I easily fall prey to hyperbole, to exaggerating any peril or ill, to seeing the worst in a situation, and particularly to assigning the most nefarious motives to politicians who I don't support. Even in light of knowing all that about myself, and recognising my own visceral reactions to the current political climate, I am going to point my finger at this despicable, arrogant, posturing, bullying, ignorant Prime Minister and his acolytes and accuse them of dragging us ever deeper into an Orwellian nightmare of Newspeak and Doublespeak. They are attempting to control the press, and to control the very language the government uses about Brexit. And I for one am not going to sit down and shut up about it.

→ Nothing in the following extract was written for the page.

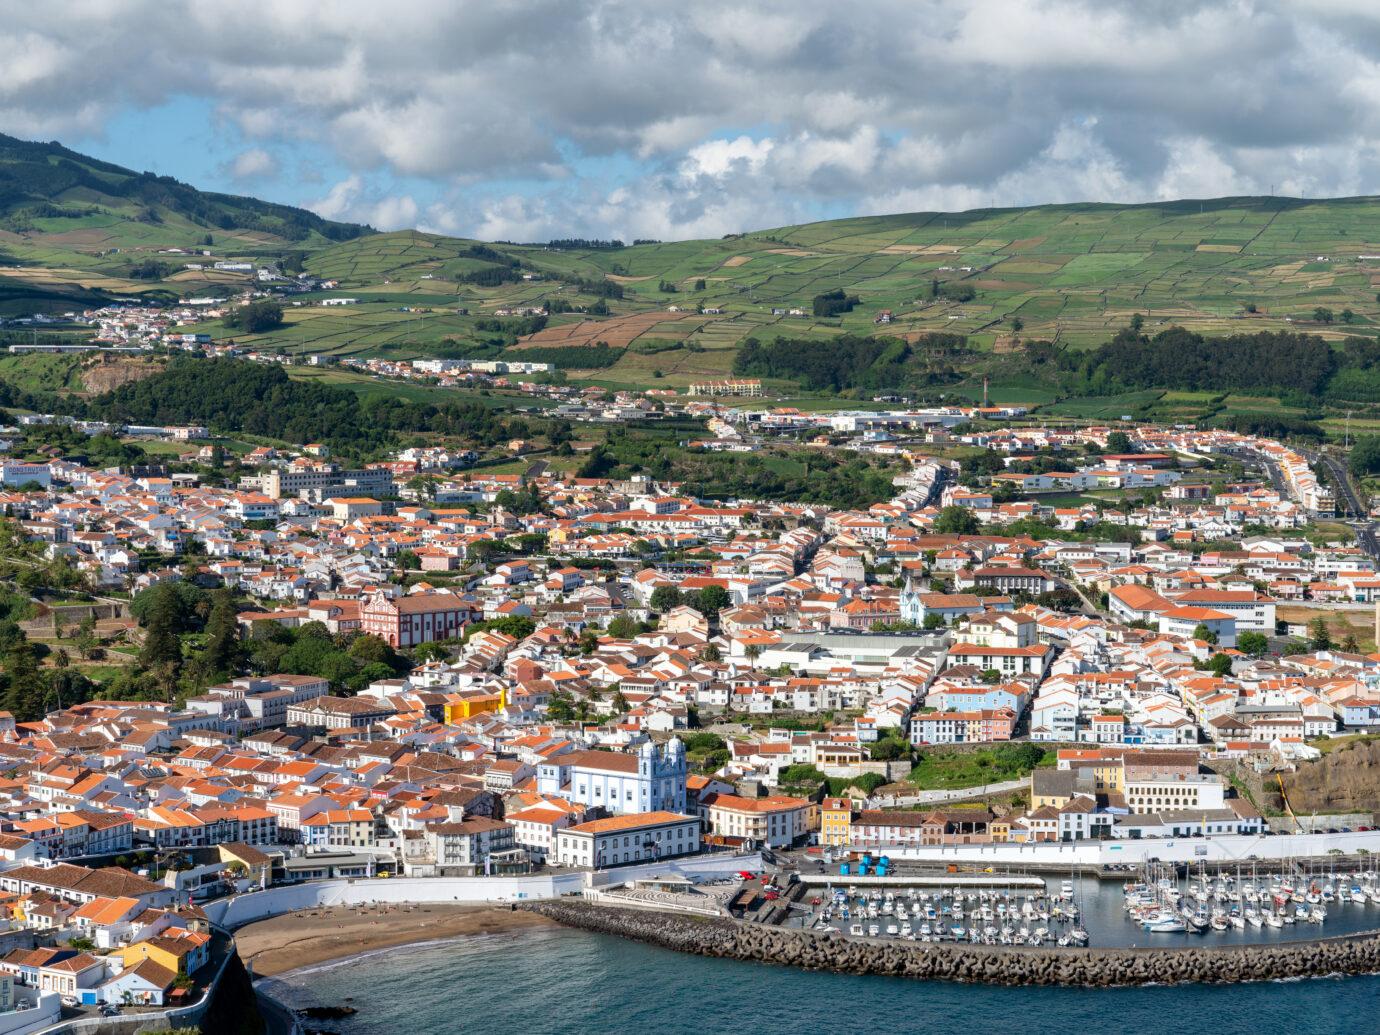 Town of Angra do Heroismo on Terciera Island, Azores

I shall not stop referring to the ongoing machinations as Brexit, for that is what it is. I shall not refer to an "Australia-style deal", but instead call it what it is - no deal. I shall not refer to "Boris" as though he's some inoffensive, cuddly buffoon - he is Johnson or the Prime Minister. And he is contemptible.

* I am still unsure whether there is in fact a "power behind the throne" in the odious Dominic Cummings, or whether he is simply a symptom. Are the machinations, distortions and thuggery of Number 10 coming from Johnson, or from Cummings? In the end, it doesn't matter. Johnson is Prime Minister; the buck stops with him.

** As per my previous footnote, I hold Johnson responsible for decisions made in his name. If he is too lazy or too weak to control the actions of his staff on issues like this, then he needs to be responsible for that failing too.

*** Attempts were made to claim that this selective briefing was perfectly normal, and it was standard to have such briefings solely for expert journalists in a specific field. This was a general briefing and all the journalists were generalists, not specialists. Lies piled upon abuse of power.